YouTube i Meta blokują w Europie profile rosyjskich mediów

Koncern Alphabet poinformował we wtorek, że należąca do niego platforma YouTube zablokowała ze skutkiem natychmiastowym w całej Europie kanały powiązane z prokremlowskimi mediami rosyjskimi RT (Russia Today) i Sputnik. W poniedziałek Meta, do której należą m.in.

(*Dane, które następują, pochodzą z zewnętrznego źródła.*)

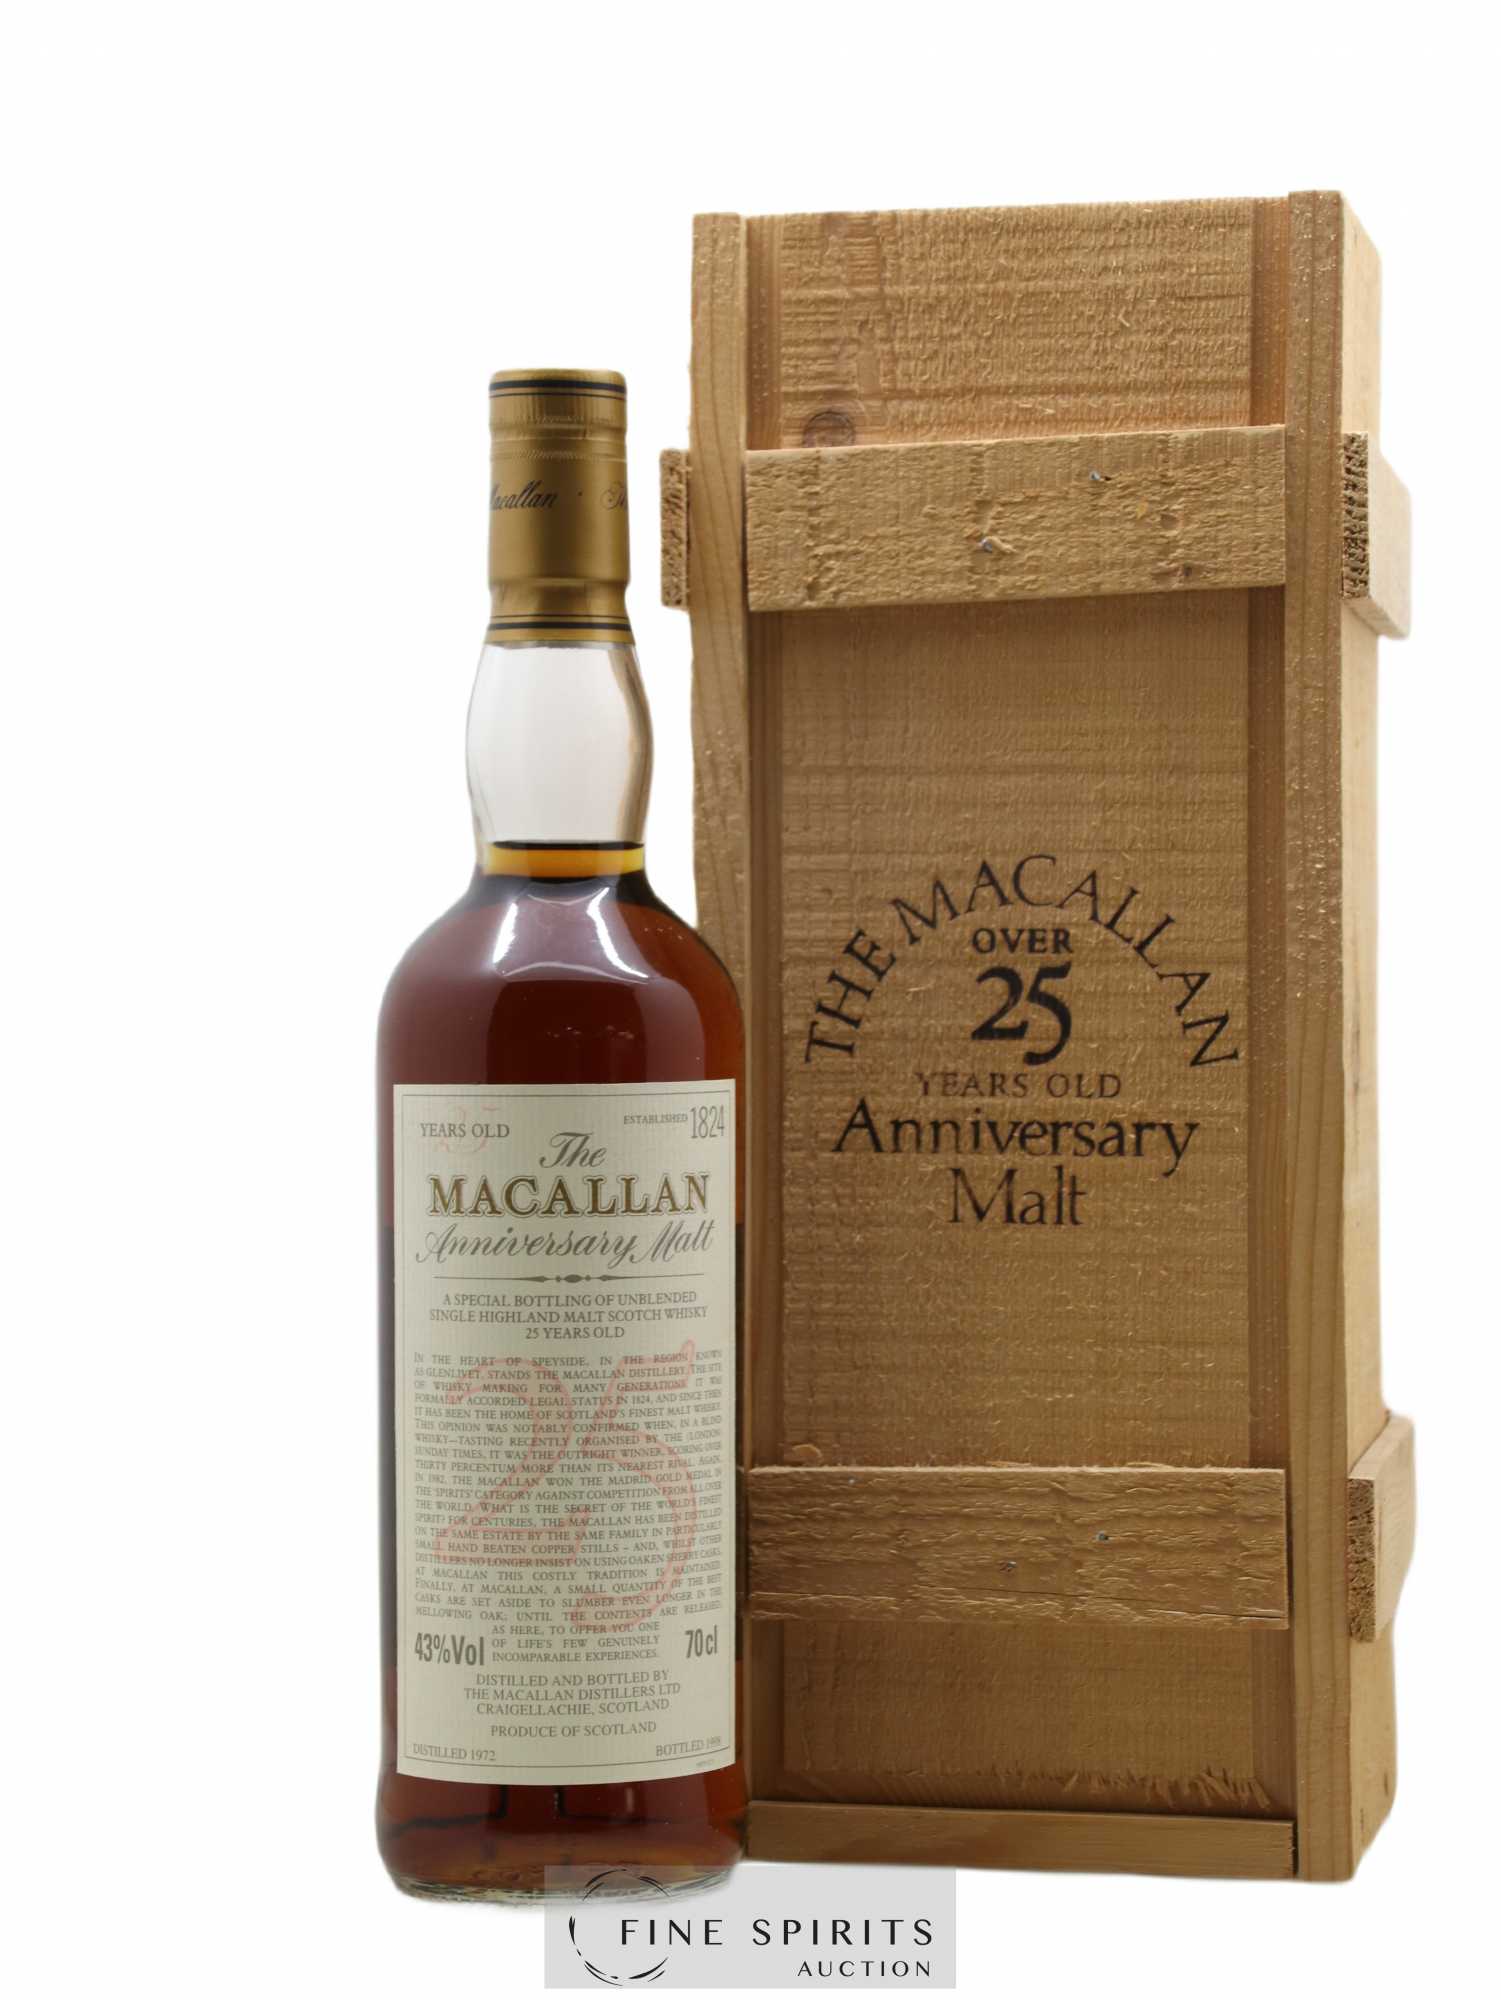 Macallan (The) 25 years 1972 Of. Anniversary Malt bottled 1998 Special Bottling

Facebook i Instagram, zablokowała profile tych mediów w krajach Unii Europejskiej.

"Nasze zespoły nadal monitorują sytuację przez całą dobę, aby podejmować szybkie działania" - przekazał rzecznik YouTube'a.

Firma zaznaczyła, że pełne wdrożenie zmian „zajmie trochę czasu”.

W sobotę RT i inne rosyjskie kanały na YouTube otrzymały zakaz pobierania pieniędzy z reklam wyświetlanych w serwisie. Natomiast w niedzielę wieczorem zablokowano na terenie Polski youtube'owe kanały Russia Today i Sputnika. Po kliknięciu w ich adresy wyświetla się jedynie komunikat: „Ten kanał nie jest dostępny w twoim kraju”.

Youtube’owy kanał Russia Today ma globalnie 4,6 mln subskrybentów, a zamieszczone tam w ciągu 15 lat 60,6 tys. materiałów zanotowało łącznie 3,58 mld odtworzeń. Natomiast anglojęzyczny kanał Sputnika subskrybuje 320 tys. użytkowników.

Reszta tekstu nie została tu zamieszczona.